A method for producing cryopreserved pluripotent stem cells, comprising the steps of:
(1) preparing pluripotent stem cells,
(2) culturing the pluripotent stem cells prepared in step (1) in a culture device to form colonies of the pluripotent stem cells,
(3) In the culture device having the formed colony, the following characteristic amount (A):
(A) Colony coverage, and the following feature quantities (B) to (D):
(B) average colony area,
(C) colony area variation, and (D) colony average major axis,
Determining at least one selected from
(4) A step of comparing the determined characteristic amount with a preset standard value to select a culture device satisfying the standard value, and (5) cryopreserving the cells in the selected culture device. Process The method according to claim 1, wherein the cryopreserved pluripotent stem cells are cells that can be cultured for 7 weeks or more. The method according to claim 1 or 2, wherein the pluripotent stem cells are induced pluripotent stem cells. The method according to any one of claims 1 to 3, comprising a step of establishing pluripotent stem cells before the step (1). The method according to any one of claims 1 to 3, which comprises a step of thawing the cryopreserved pluripotent stem cells before the step (1). The preset standard value is as follows:
(A) Colony coverage: more than 7%,
(B) Average colony area: less than 141,933 μm ² (C) Variation in colony area: less than 130,257 (D) Average length of colony: less than 483 μm, The method according to any one of claims 1 to 5. Cryopreserved pluripotent stem cells obtained by the method according to any one of claims 1 to 6. Cryopreserved pluripotent stem cells having at least one selected from the following characteristics (A) and (B) to (D).

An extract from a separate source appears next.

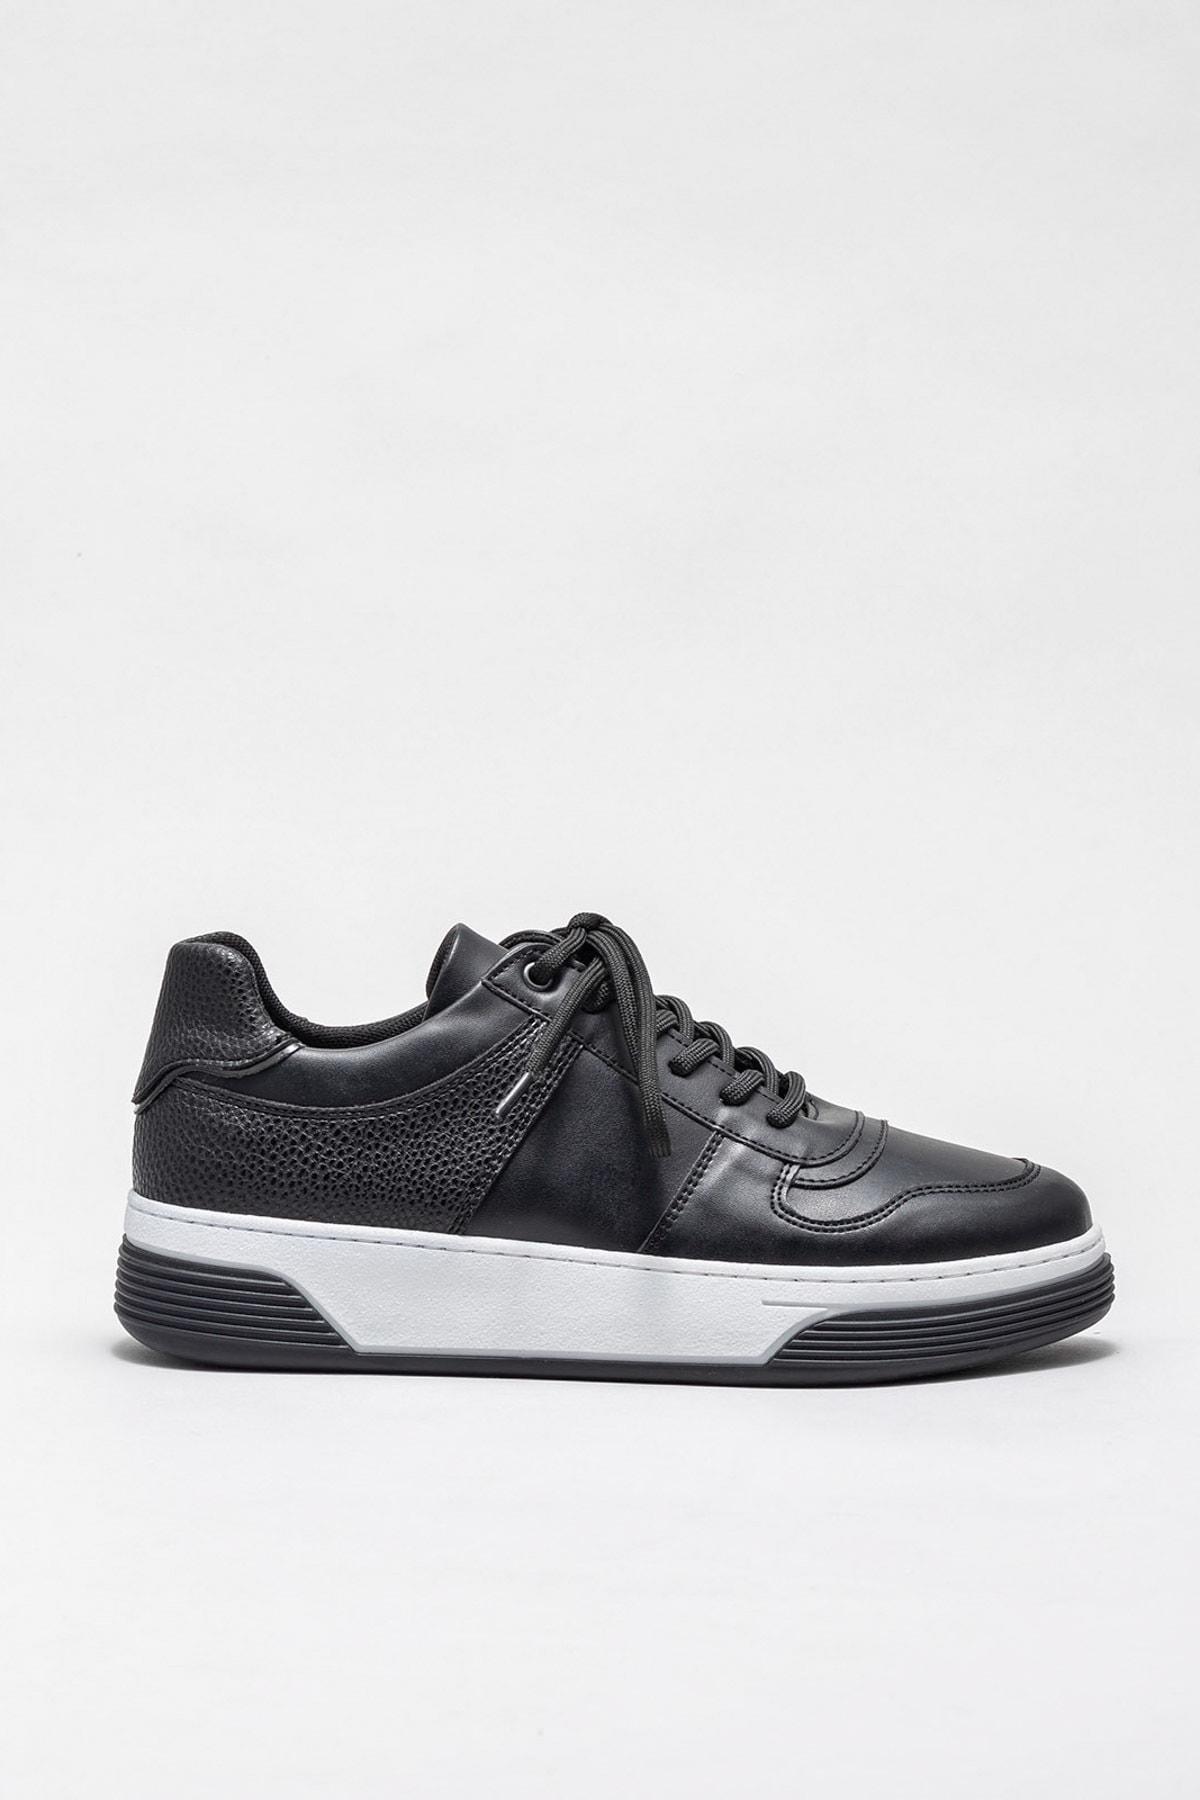 Elle Shoes Kadın Sebert Sıyah Sneaker 20KRG09 1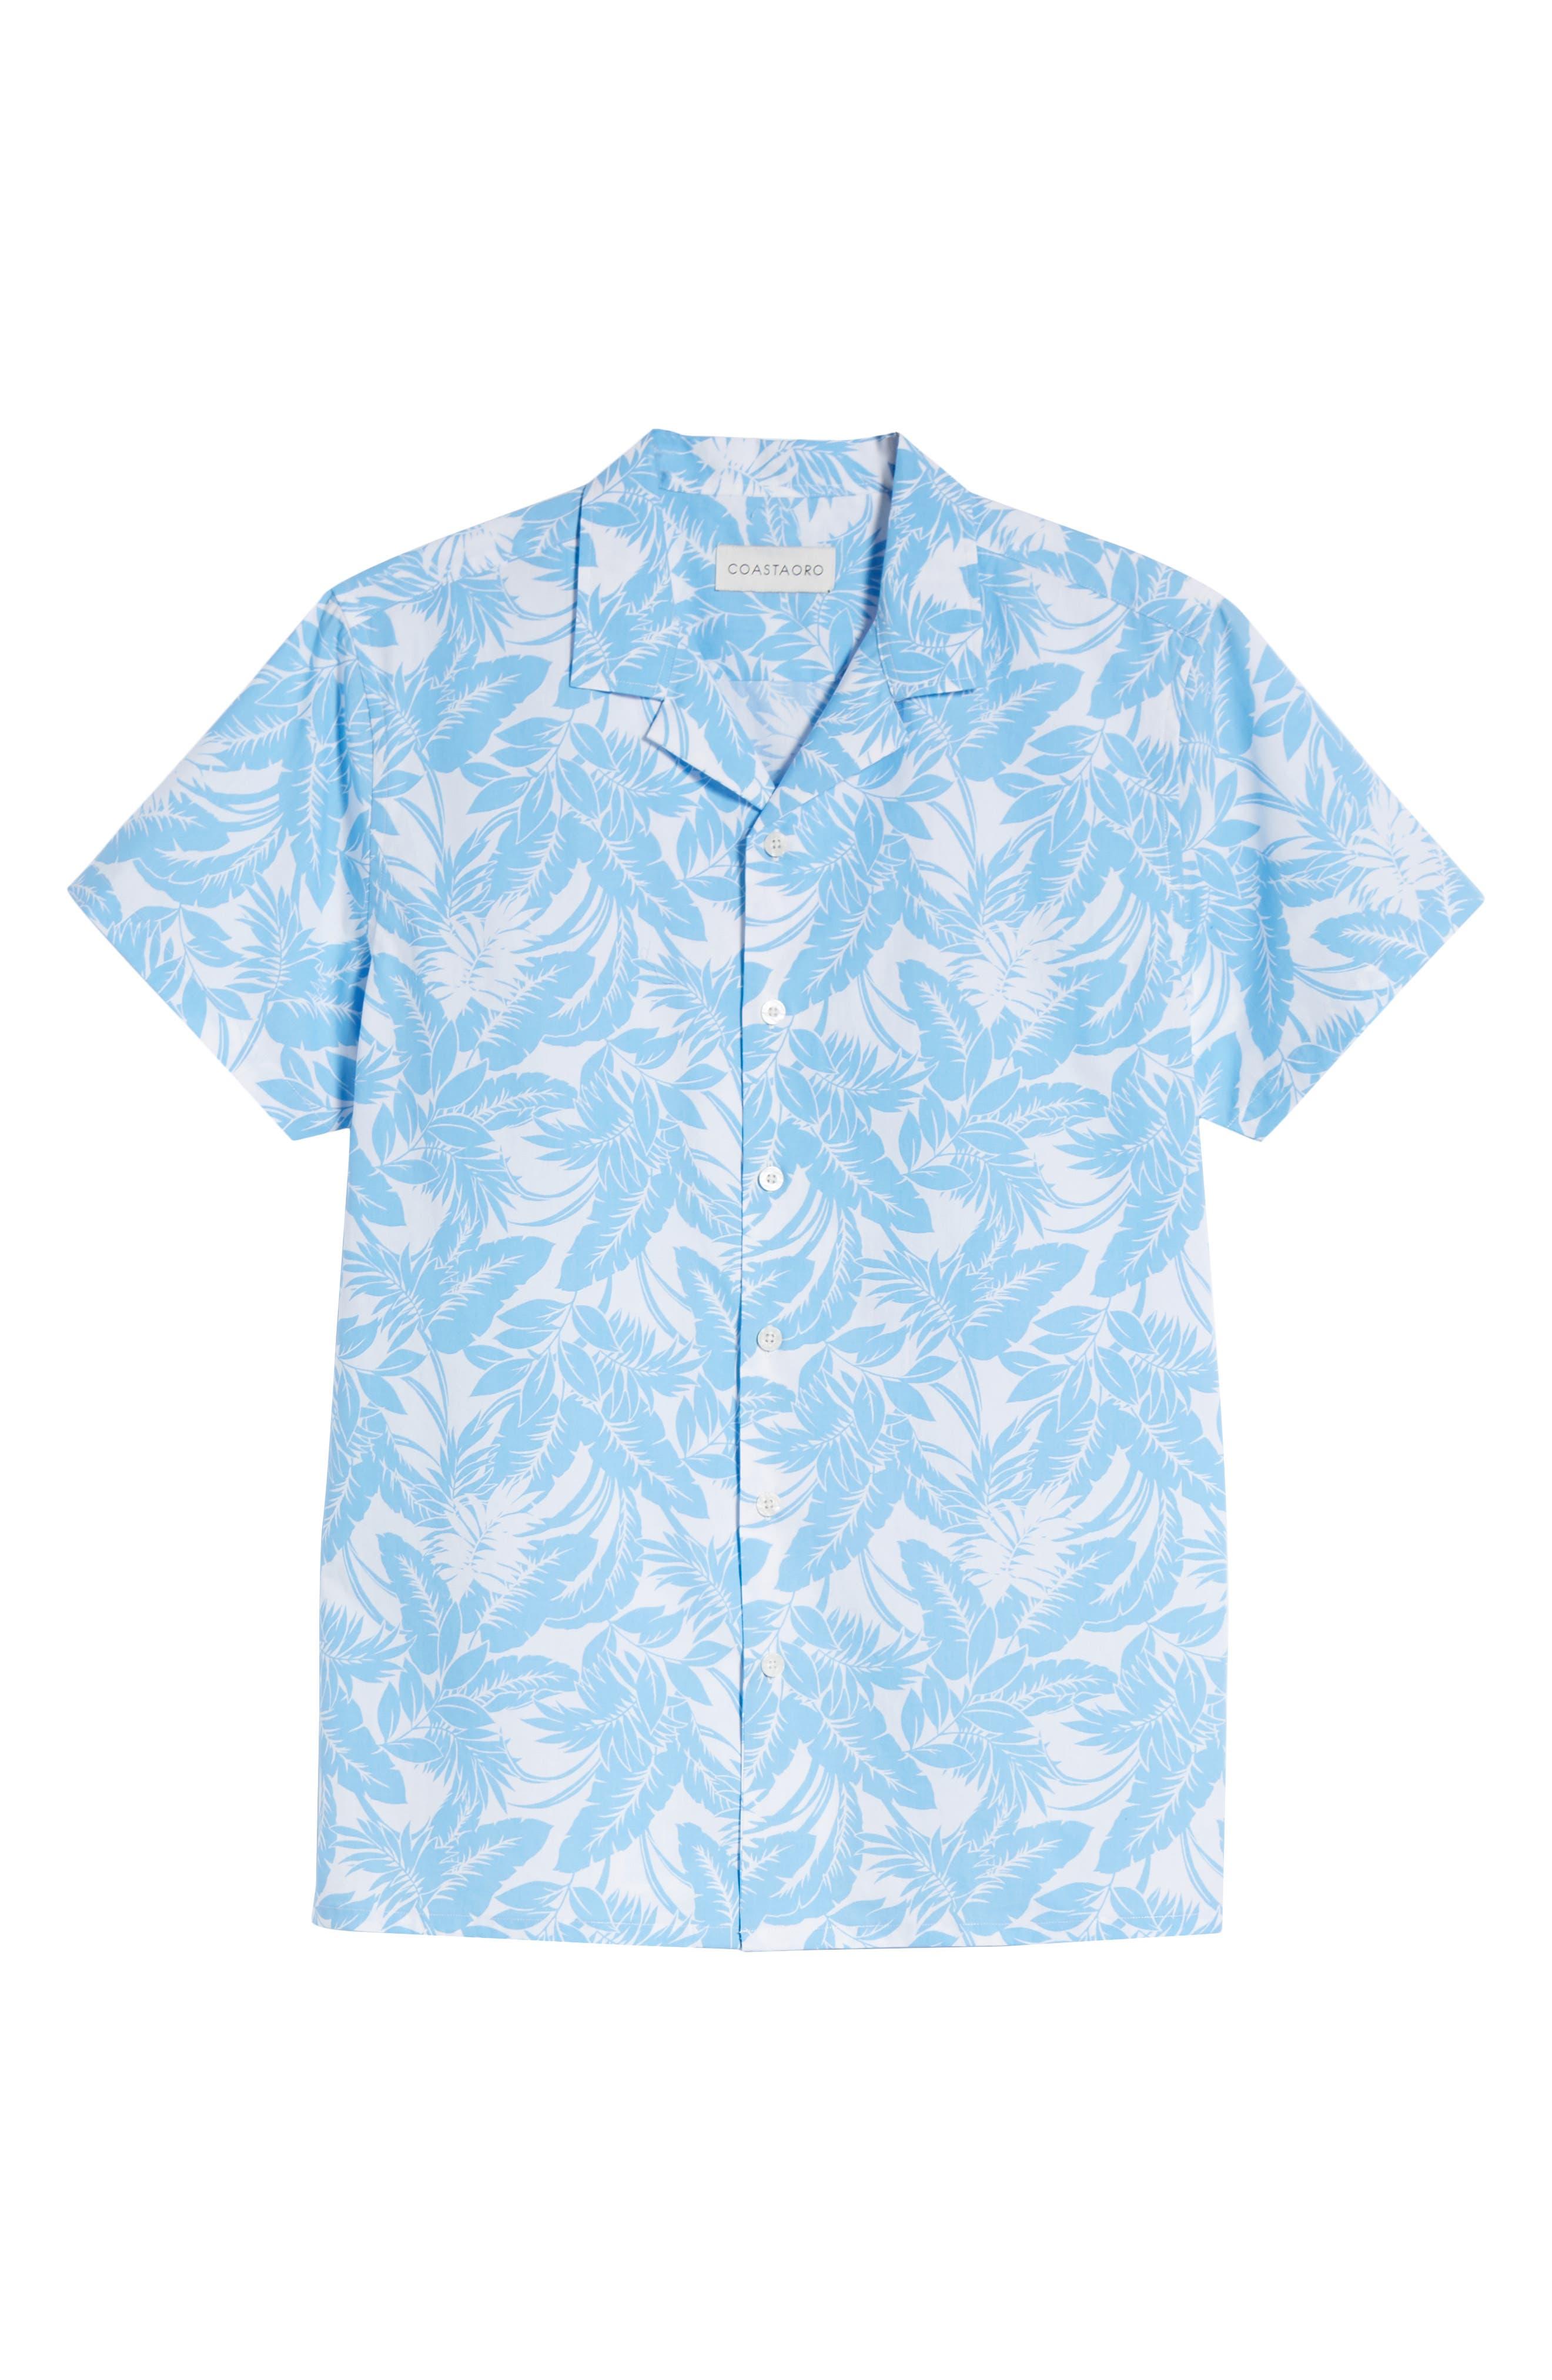 Camp Ventu Regular Fit Short Sleeve Sport Shirt,                             Alternate thumbnail 6, color,                             451

(A) Colony coverage formed by the cells: more than 7% (B) Average area of colonies formed by the cells: less than 141,933 μm ² (C) Variation in colony area formed by the cells: less than 130,257 (D) Average major axis of colonies formed by cells: less than 483 μm 9. The cell according to claim 7 or 8, wherein the cryopreserved pluripotent stem cell is a cell that can be cultured for 7 weeks or more. The cell according to any one of claims 7 to 9, wherein the pluripotent stem cell is an induced pluripotent stem cell.